The complete constraints file is below.
## This file is a general .xdc for the Basys3 rev B board
## To use it in a project:
## - uncomment the lines corresponding to used pins
## - rename the used ports (in each line, after get_ports) according to the top level signal names in the project
## Clock signal
set_property PACKAGE_PIN W5 [get_ports clk]
set_property IOSTANDARD LVCMOS33 [get_ports clk]
create_clock -add -name sys_clk_pin -period 10.00 -waveform {0 5} [get_ports clk]
## Switches
set_property PACKAGE_PIN V17 [get_ports {sw[0]}]
set_property IOSTANDARD LVCMOS33 [get_ports {sw[0]}]
set_property PACKAGE_PIN V16 [get_ports {sw[1]}]
set_property IOSTANDARD LVCMOS33 [get_ports {sw[1]}]
set_property PACKAGE_PIN W16 [get_ports {sw[2]}]
set_property IOSTANDARD LVCMOS33 [get_ports {sw[2]}]
set_property PACKAGE_PIN W17 [get_ports {sw[3]}]
set_property IOSTANDARD LVCMOS33 [get_ports {sw[3]}]
##7 segment display
set_property PACKAGE_PIN W7 [get_ports {seg[0]}]
set_property IOSTANDARD LVCMOS33 [get_ports {seg[0]}]
set_property PACKAGE_PIN W6 [get_ports {seg[1]}]
set_property IOSTANDARD LVCMOS33 [get_ports {seg[1]}]
set_property PACKAGE_PIN U8 [get_ports {seg[2]}]
set_property IOSTANDARD LVCMOS33 [get_ports {seg[2]}]
set_property PACKAGE_PIN V8 [get_ports {seg[3]}]
set_property IOSTANDARD LVCMOS33 [get_ports {seg[3]}]
set_property PACKAGE_PIN U5 [get_ports {seg[4]}]
set_property IOSTANDARD LVCMOS33 [get_ports {seg[4]}]
set_property PACKAGE_PIN V5 [get_ports {seg[5]}]
set_property IOSTANDARD LVCMOS33 [get_ports {seg[5]}]
set_property PACKAGE_PIN U7 [get_ports {seg[6]}]
set_property IOSTANDARD LVCMOS33 [get_ports {seg[6]}]
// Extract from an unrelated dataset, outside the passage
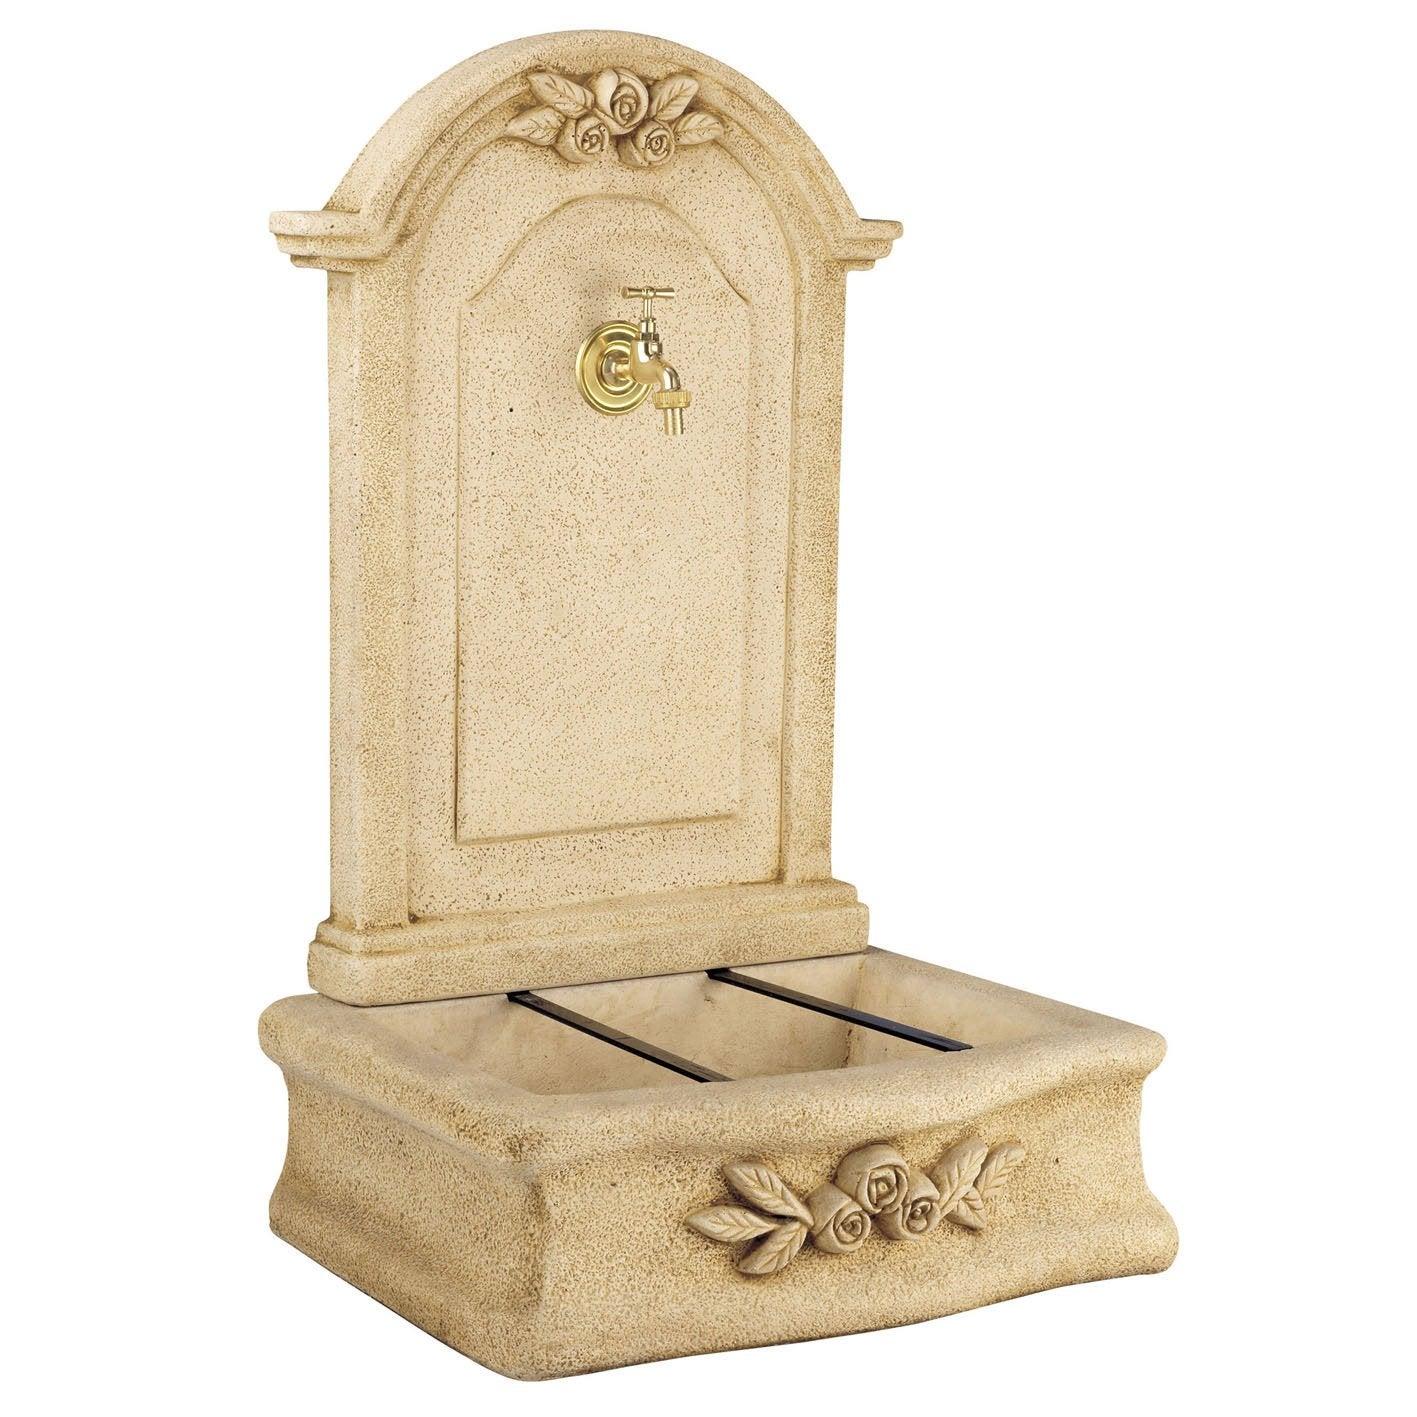 fontaine de jardin en pierre reconstitu e ton pierre beausoleil leroy merlin. Black Bedroom Furniture Sets. Home Design Ideas

set_property PACKAGE_PIN U2 [get_ports {an}]
set_property IOSTANDARD LVCMOS33 [get_ports {an}]
## Configuration options, can be used for all designs
set_property CONFIG_VOLTAGE 3.3 [current_design]
set_property CFGBVS VCCO [current_design]
About the seven-segment display
For the most part you treat the seven-segment display like a set of LEDs. And so we just need to come up with a way to map from a 4-bit number to the 7-bit LED segment outputs seg. An important thing to understand is that the signals for the individual segments on all four digits connect together. The Artix-7 output pins can’t drive all for digits at the same time. Trying to do so could damage the hardware! So we will have to come up with a plan for how to deal with this later.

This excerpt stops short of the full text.